# Favorite recipes for fresh tuna



## Beachcomber (Sep 29, 2007)

I get a lot of fresh tuna directly from the boats, and would like some freh ideas to cook it. 
   I grill it with a soy sauce base marinade, also Tuna Bites wrapped in bacon and grilled.
  Thanks in advance for any ideas J.D.


----------



## fireweaver (Sep 29, 2007)

oh, beach, i just love the flavor of fresh tuna so much it doesn't often make it anywhere in the kitchen BUT the grill - quick sear, with a tasty marinade/sauce like you're mentioning, and let's eat!

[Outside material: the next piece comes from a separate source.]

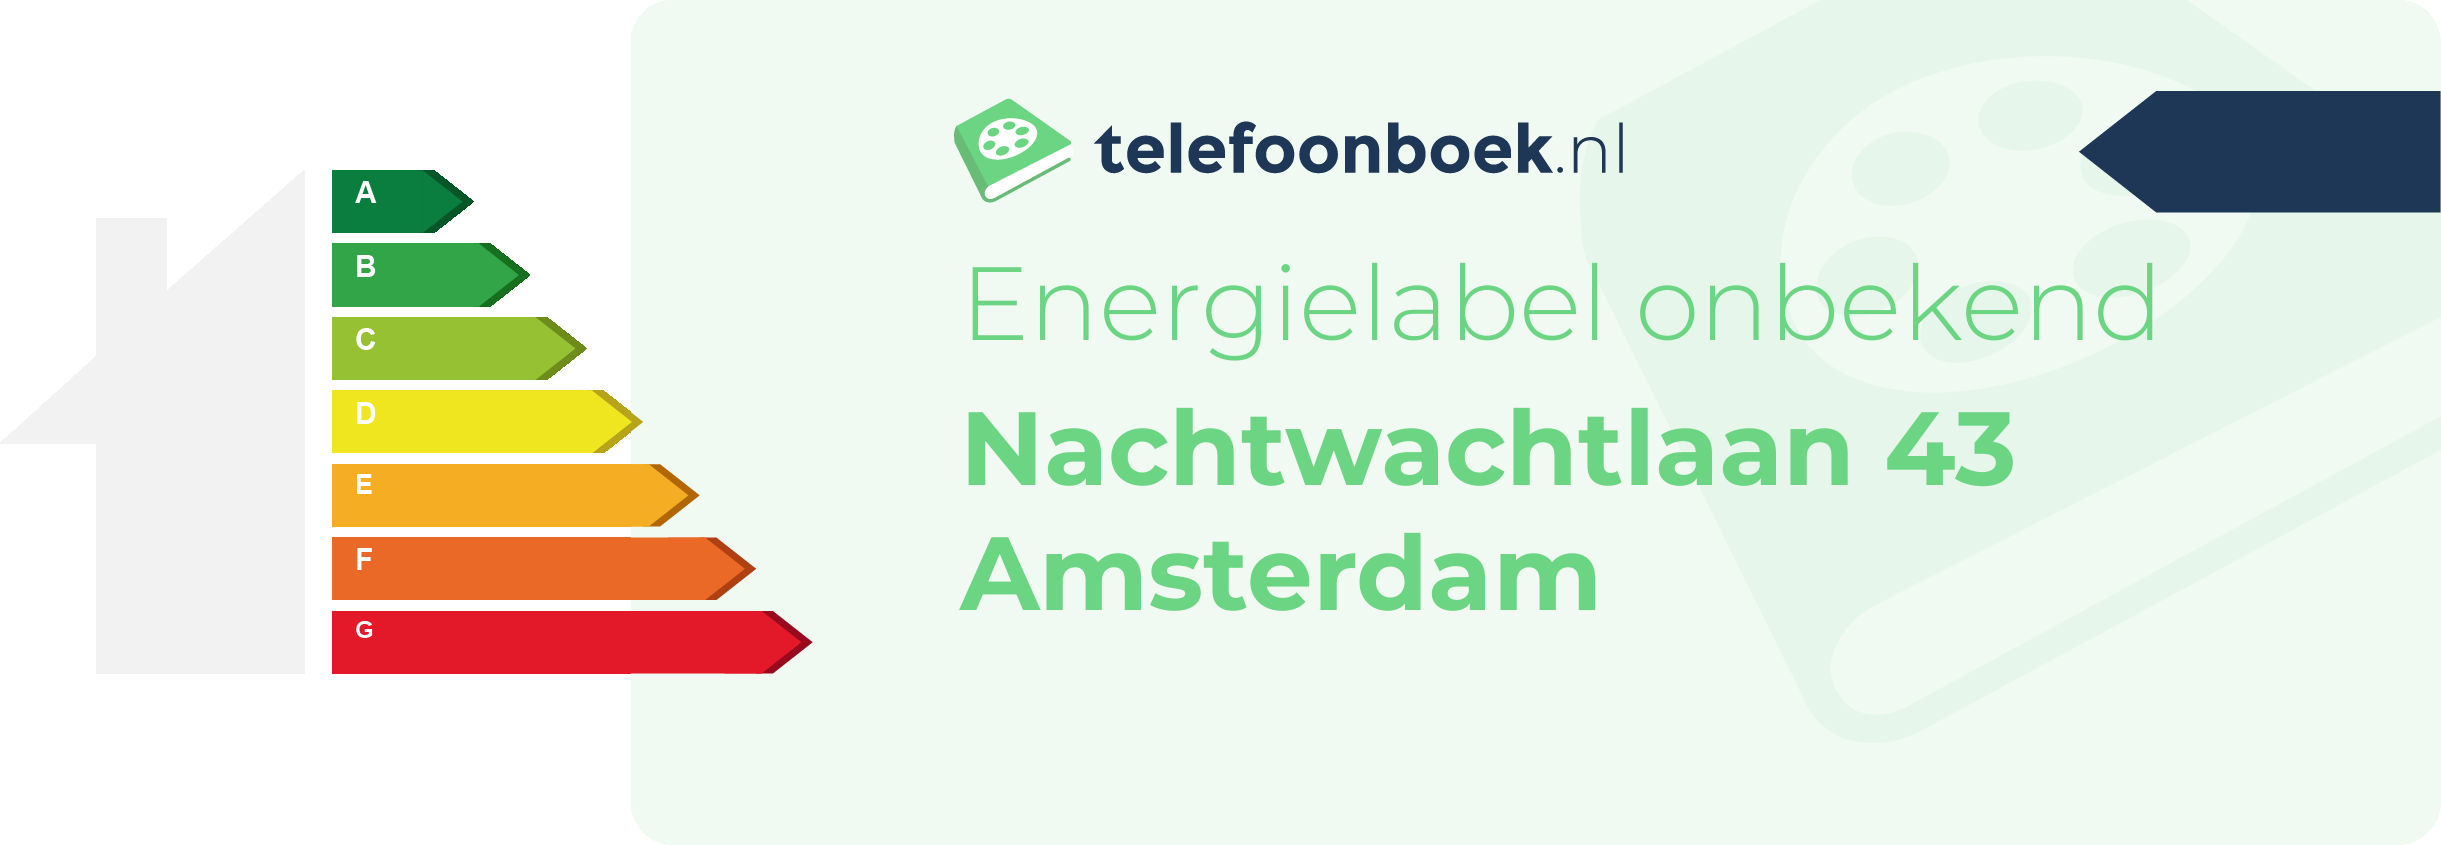 Energielabel Nachtwachtlaan 43 Amsterdam

i did experiment one time with pan-searing it, with wonderful results.  i pressed finely minced dill, tarragon, and bay into each side.  a generous spoonful each of diced garlic & crushed ginger (i keep store-bought prepared jars of these in the fridge at all times) go into the heated olive oil in the skillet, then sear away, minute or so on each side on med-hi.  when the outside is cooked, add a half of a tangerine or a mandarin orange, cut into bite-size sections, and a small amount of teriyaki sauce.  stir to coat & cook the citrus just a bit, then serve over jasmine rice.  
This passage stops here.